I used Sketch and InVision for the screen designs which were then built into a responsive prototype in code by the developers. There were around 14 iterations of the prototype, each of them reflecting our learnings from user research in the previous sprint. We used the Australian Government Design System and built new components for more customised parts of the prototype. By the end of Alpha, it featured around 87 questions.

Disclaimer: this design was for research purposes only and does not necessarily reflect what the 2021 Census will look like.

Design considerations

Accessible and inclusive
It's critical that the form can be used by as many people as possible, which is why the final solution needs to be clear and simple enough so that most people can use it without needing to adapt things, while supporting those who do.

Structure the form to help respondents
The form is huge, so we wanted to help respondents get into a rhythm of answering and let them focus on the content rather than how it's presented. We used decision branching so respondents only had to answer questions that were relevant to them.

One question per page
This pattern allowed us to split up a complex process into multiple, smaller chunks and reduce the cognitive load on the respondent. We found this approach was well suited to mobile devices, heavy validation, decision branching and saving respondents' progress.


Generate a login code

Problem: a respondent is unable to start their online Census because they did not get a letter.

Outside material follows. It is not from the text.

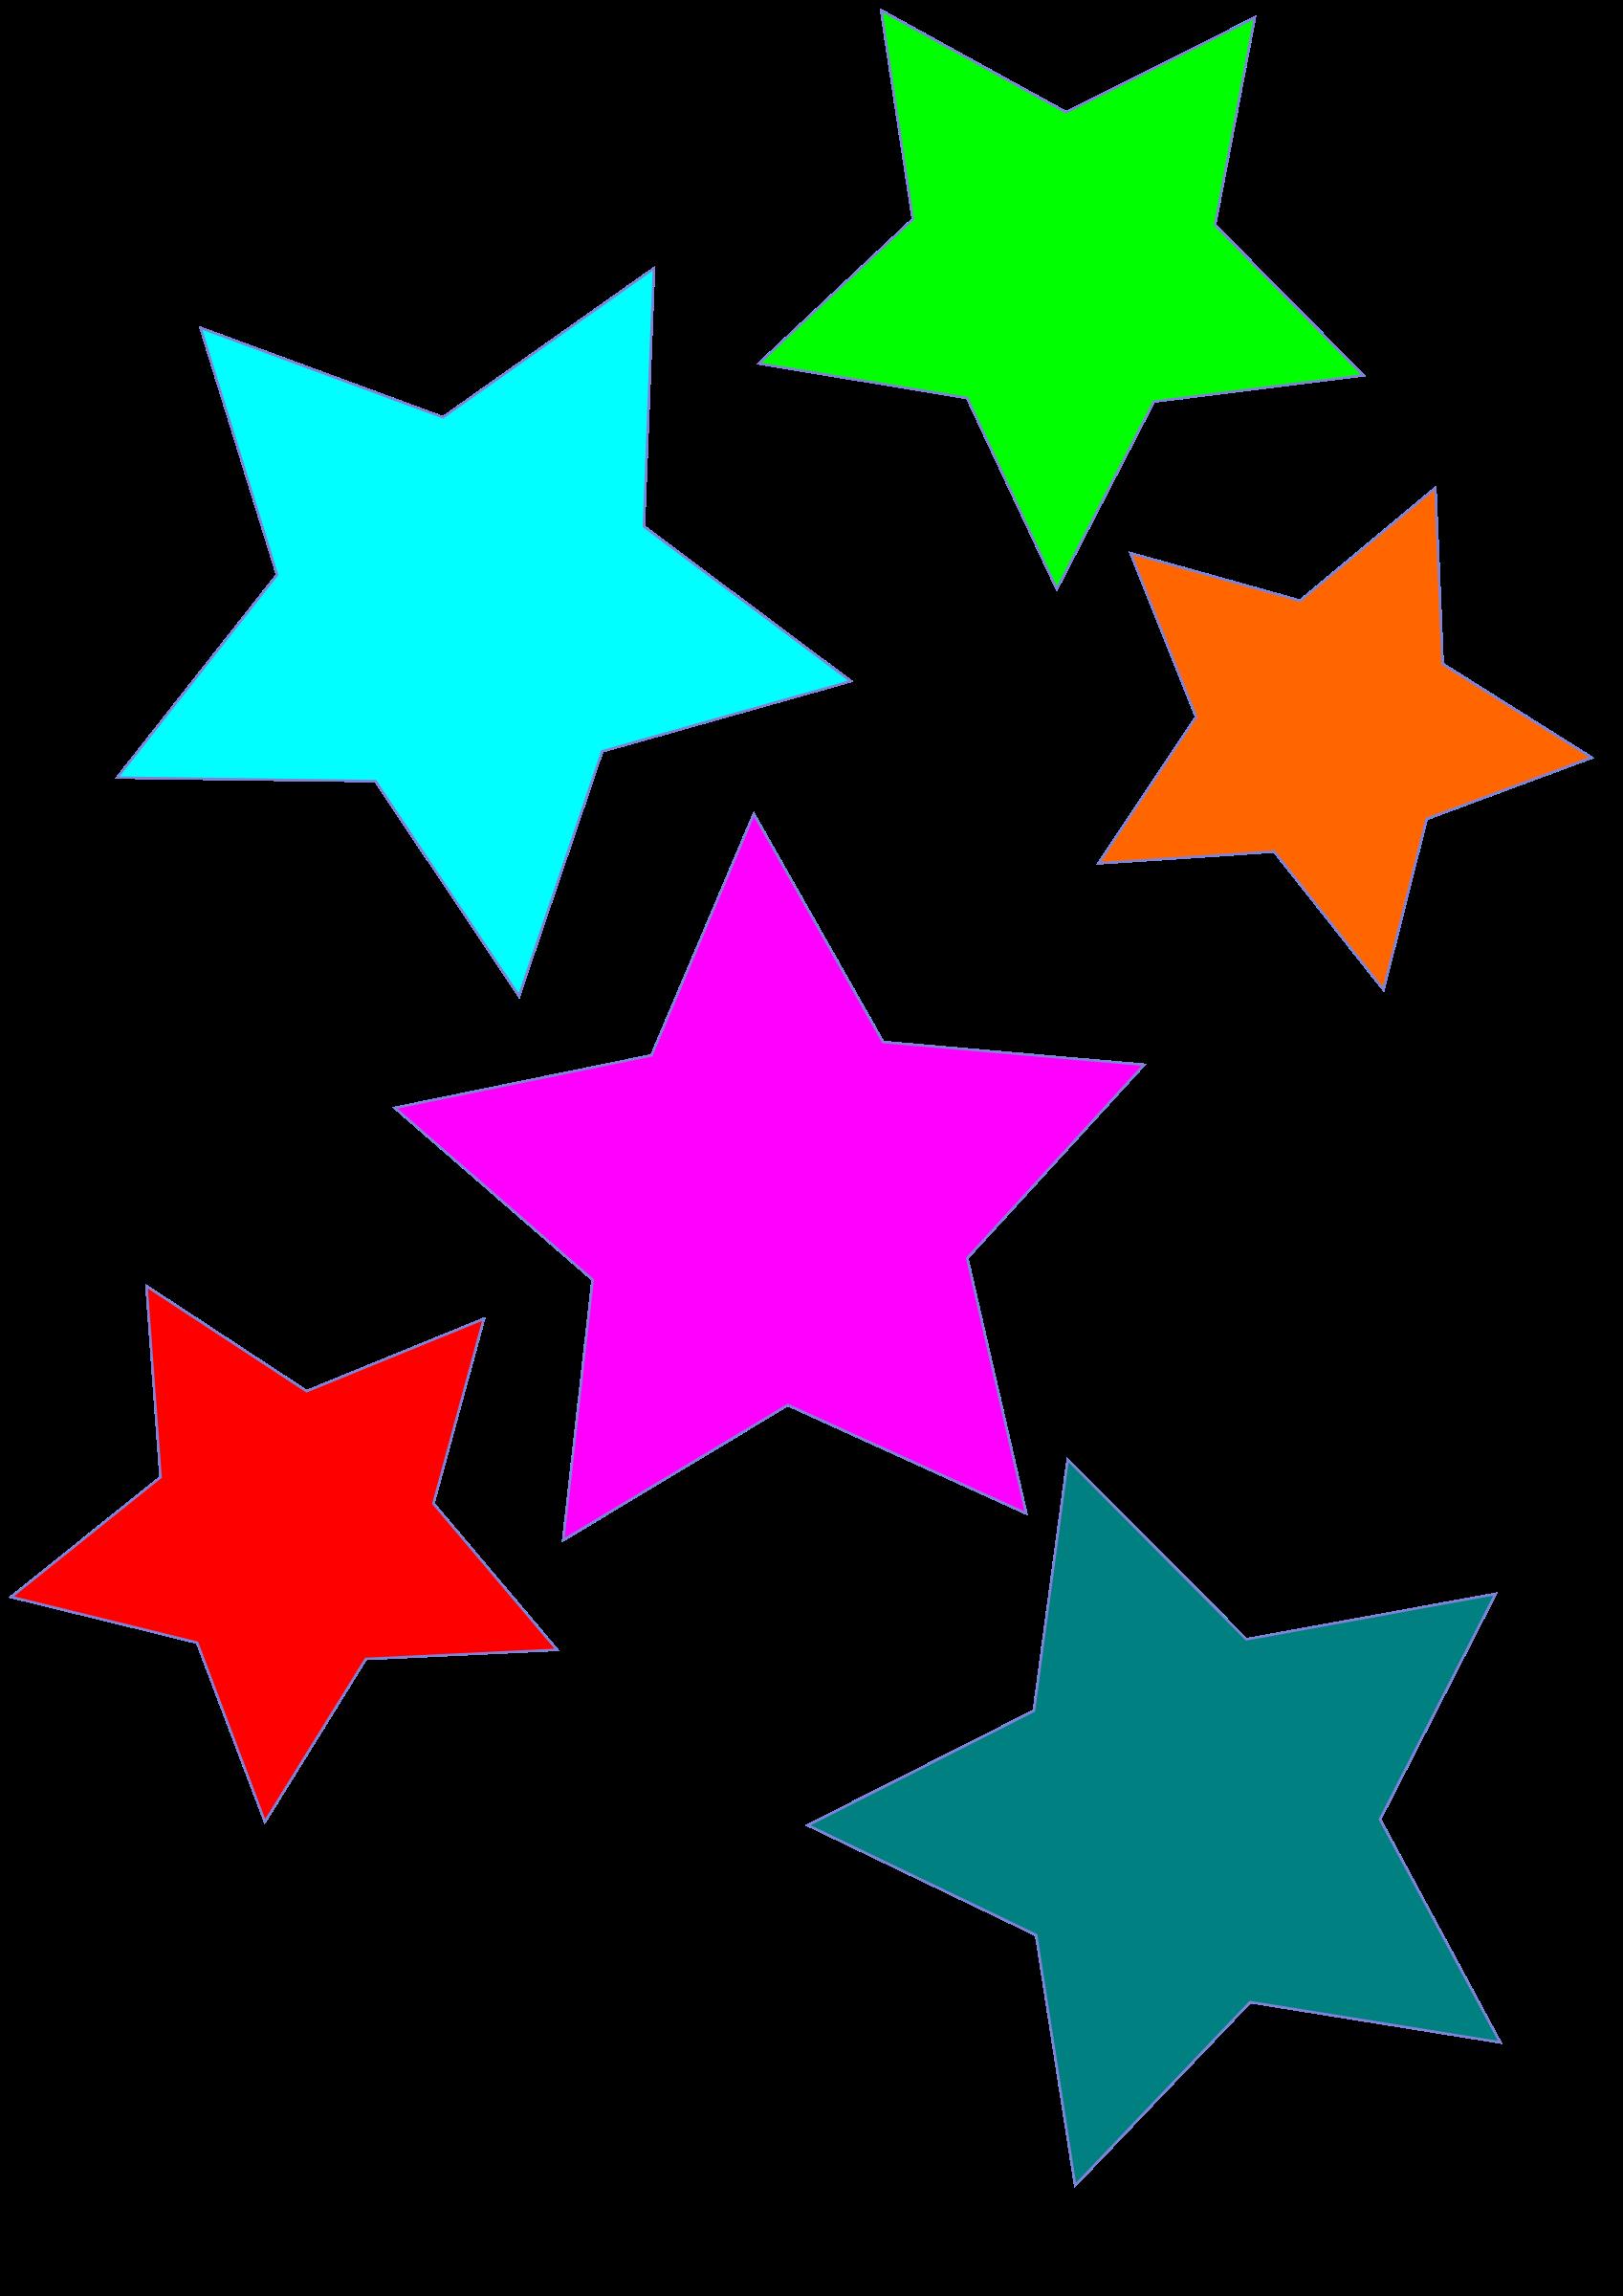 Mini star clipart graphic transparent download Clipart - Star graphic transparent download
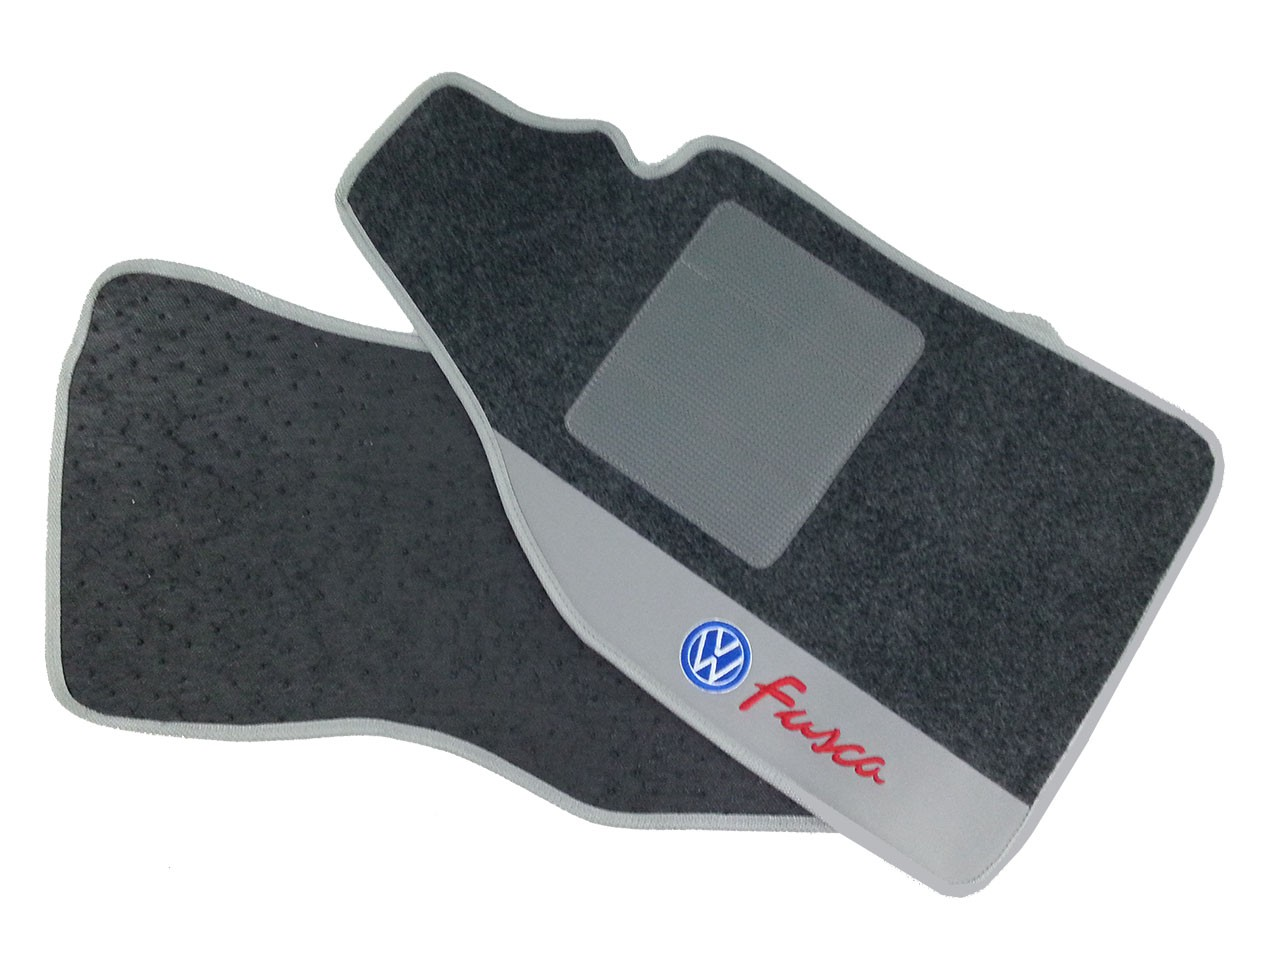 Tapete Vw Fusca Novo Carpete Premium  Base Pinada

Solution: ability for respondents' to start their Census immediately by generating their own login code.

Back-up option for login

Problem: a respondent needs to resume their Census but has lost or forgotten their login credentials.

Solution: ability for respondents' to create their own password and set a back-up option.


In-form help

Problem: a respondent does not understand a question, how to answer it correctly or why they need to answer it at all.

Solution: in-form help explaining why a particular piece of information is required and how to provide it correctly.

Confirmation screen

Problem: a respondent wants to know whether they have answered all of the questions or where they're up to.

Solution: confirmation screen to allow respondents' to review their answers and show when they are done.


User research

During Alpha. myself and other members of the team spoke with over 100 respondents face-to-face in Melbourne, Canberra and rural NSW to find out what works and what they need to do their census online.


Wagga Wagga – one of the regional cities we visited for research

We needed to ensure the service was not only accessible and easy to use, but inclusive of the entire population, such as people experiencing homelessness, tenants in share houses and secure apartments, remote Aboriginal and Torres Strait Islanders, remote and transient populations, people with disabilities, Culturally and Linguistically Diverse groups (CaLD) and the older population.

Each sprint, the team spent 1-2 days conducting user research with a specific cohort or participants. Most of the time, we used an agency to recruit and schedule participants based on the desired characteristics we provided. On other occasions, we sourced participants through personal networks, or through organisations with which the ABS had established relationships.

This was not cognitive testing as is often undertaken by the ABS. Our goal was to test hypotheses about various concepts and learn more through both discussion and observation. We focused on testing design concepts rather than usability.


Research participants


Participant cohorts


Research locations


Hypotheses tested


Overall, Alpha was a success and our team were endorsed by the Digital Transformation Agency for our work.

Design thinking and extensive user research resulted in a functioning, responsive prototype of the online Census. The prototype is still being used by the ABS to support further testing on additional parts of the service.

Our research, recommendations, design approach and prototype also formed a 95+ page Alpha Findings Report, the first draft of a service blueprint and a user story map featuring over 126 stories. In addition to new ways of working, these artefacts provided the ABS with a roadmap to move forward to Beta.